Cantus Planus Austria

Handwritten Text and Music Recognition (HTMR)

The CANTUS Database and CANTUS Index projects show that short inventories of the texts and melodies of chants form an important precondition for documenting and rendering accessible medieval music manuscripts. However, one significant drawback of the current inventory and referencing procedure is the way data is generated: currently, scholars must carry out this task manually. Because of this laborious task, musicological research only has a very limited and incomplete data pool available for more in-depth analyses. In order to achieve meaningful results, both the quantity and quality of the data has to be significantly improved.

Newer approaches in Digital Humanities and Computer Science allow this error-prone and time-consuming method to be automated. Technological advances in Handwritten Text and Music Recognition make it possible to automatically recognise and transcribe the content of the digitised music manuscripts. This content can then be systematically structured, classified and referenced. Referencing, which is based on comparing the full texts with each other, along with advances in technology will improve data quality and, ultimately, save time.

In the context of a planned project, the training data required for text and music recognition (deep learning processes developed within the field of artificial intelligence research) will be compiled by chant research specialists, drawing upon a corpus of around 300 medieval Austrian manuscripts with plainchant. Further developing and applying the above innovative technologies to this corpus of manuscripts represents an all-encompassing solution with far-reaching benefits. The extensive body of manuscripts is an ideal training material and newly-developed online tools will be made available to the scientific community free of charge and will be openly accessible, enabling further research. Additionally, the project would allow a corpus of manuscripts, which was previously documented insufficiently, to be opened up for study.

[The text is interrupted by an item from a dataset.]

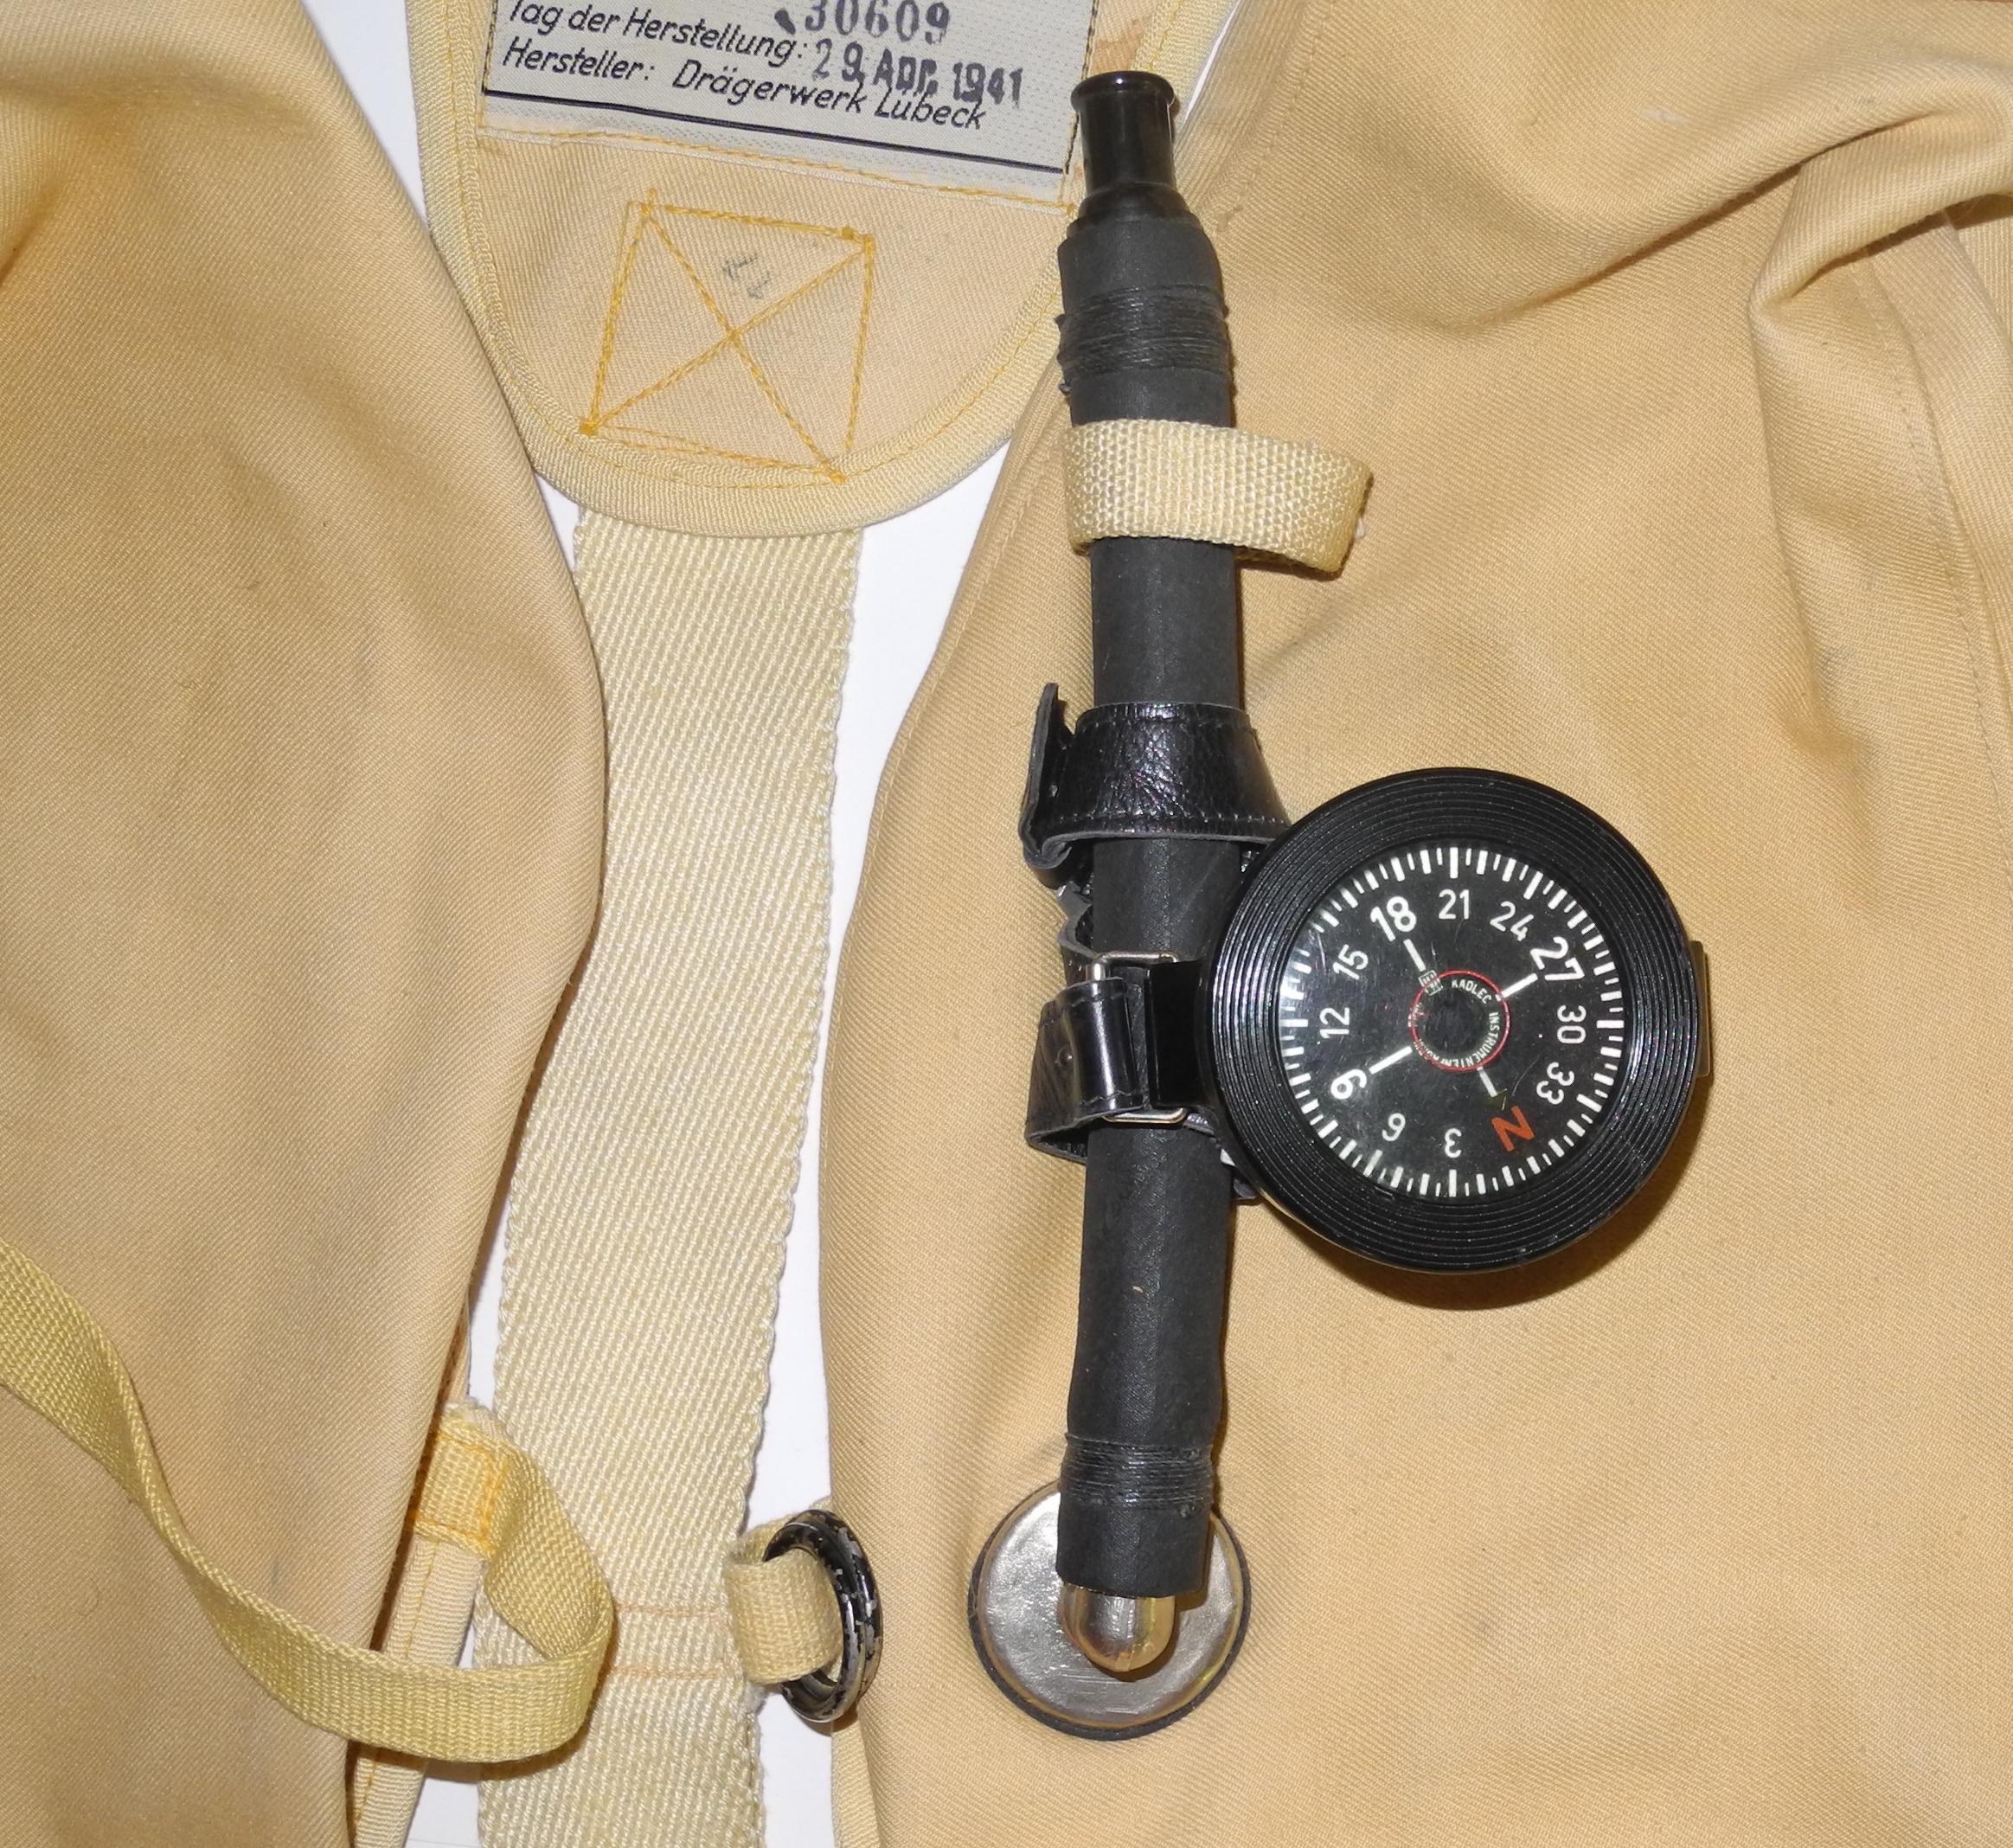 LW 10-30 B-2 life vest April  1941

Alongside the more technical tasks described above, musicological analysis of the automatically-generated data pool will be the main focus of the project work. This data will produce complete transcriptions of melodies of mass and office chants of a comprehensive corpus of secular and monastic traditions, representative at least for the German-Austrian area for the first time.

Based on this extensive data stock, an attempt will be made to carry out far-reaching analyses of the repertoire and the melodies. Automated repertoire comparisons of normative data from Libri ordinarii (generated in a previous project) will play an important role, along with the contents of the music-practical sources investigated here. Further analysis of the melodies will also provide evidence for the various different melodic variations.